第19話 モルガンの子

十九 〈 モルガンの子 〉


数時間前。


オヴェウスはキリアムを前に剣を振り上げていた。

手加減をするつもりも、助けるつもりも一切ない。本気で、一太刀で殺そうと思っていた。キリアムはオヴェウスにとって無用だ。無用だが不愉快だ。

剣を振るうその瞬間。

激しい衝撃が後頭部を襲った。

痛みはなかったが、骨が折れたかと思う程の衝撃に不意を突かれ、オヴェウスは体勢を崩してその場に倒れた。

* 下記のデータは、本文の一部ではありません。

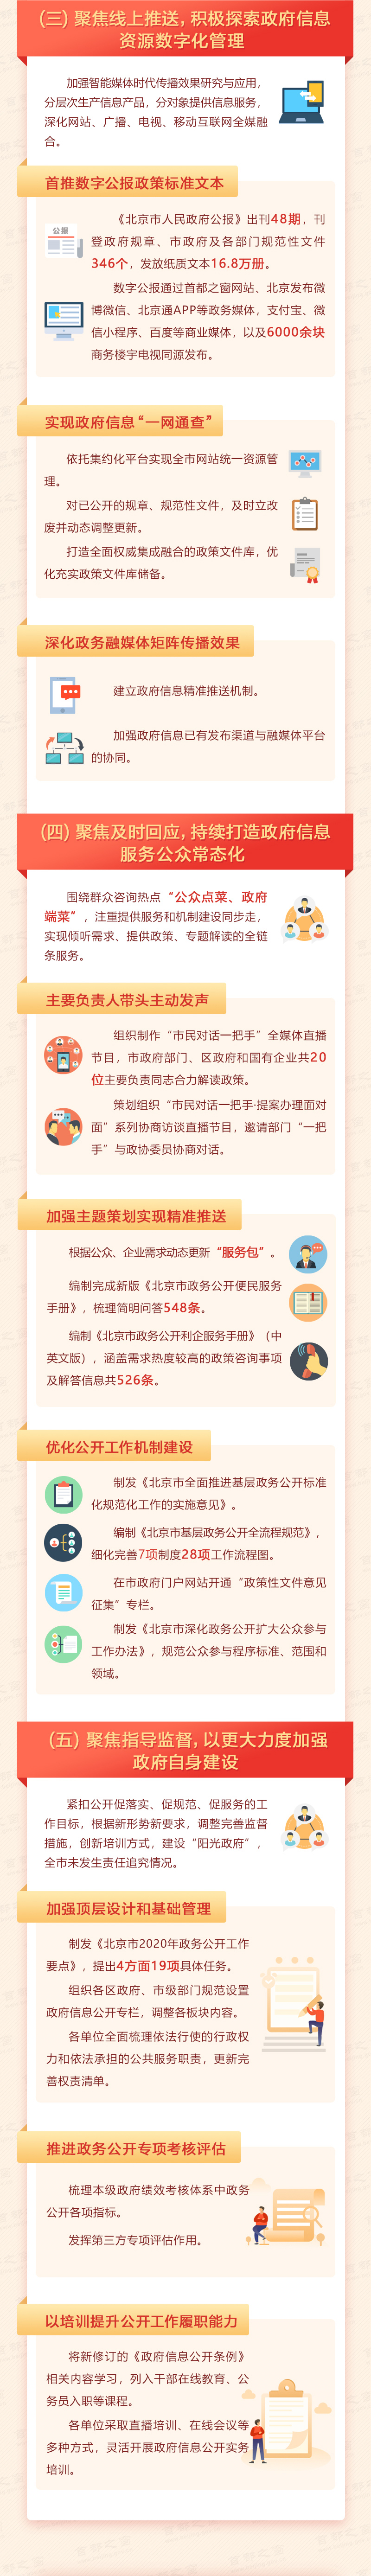 2020年北京市政府信息公開工作年度報告解讀

暗闇に包まれた木の上から、彼に飛びかかった者が居た。

その小さな人影は、手に大きな木片を抱えていた。その木片で、頭上からオヴェウスの後頭部を殴りつけたのである。

オヴェウスの巨体が崩れ落ちるのを待たずに、少年は木片を投げ捨て、キリアムに駆け寄った。腰から短いナイフを取り出し、素早く彼の縄に切れ目を入れていく。

「そなたは・・・?」

キリアムにも、何が起きたのか分からなかった。その眼が、どこかで見覚えのある少年の相貌にとまる。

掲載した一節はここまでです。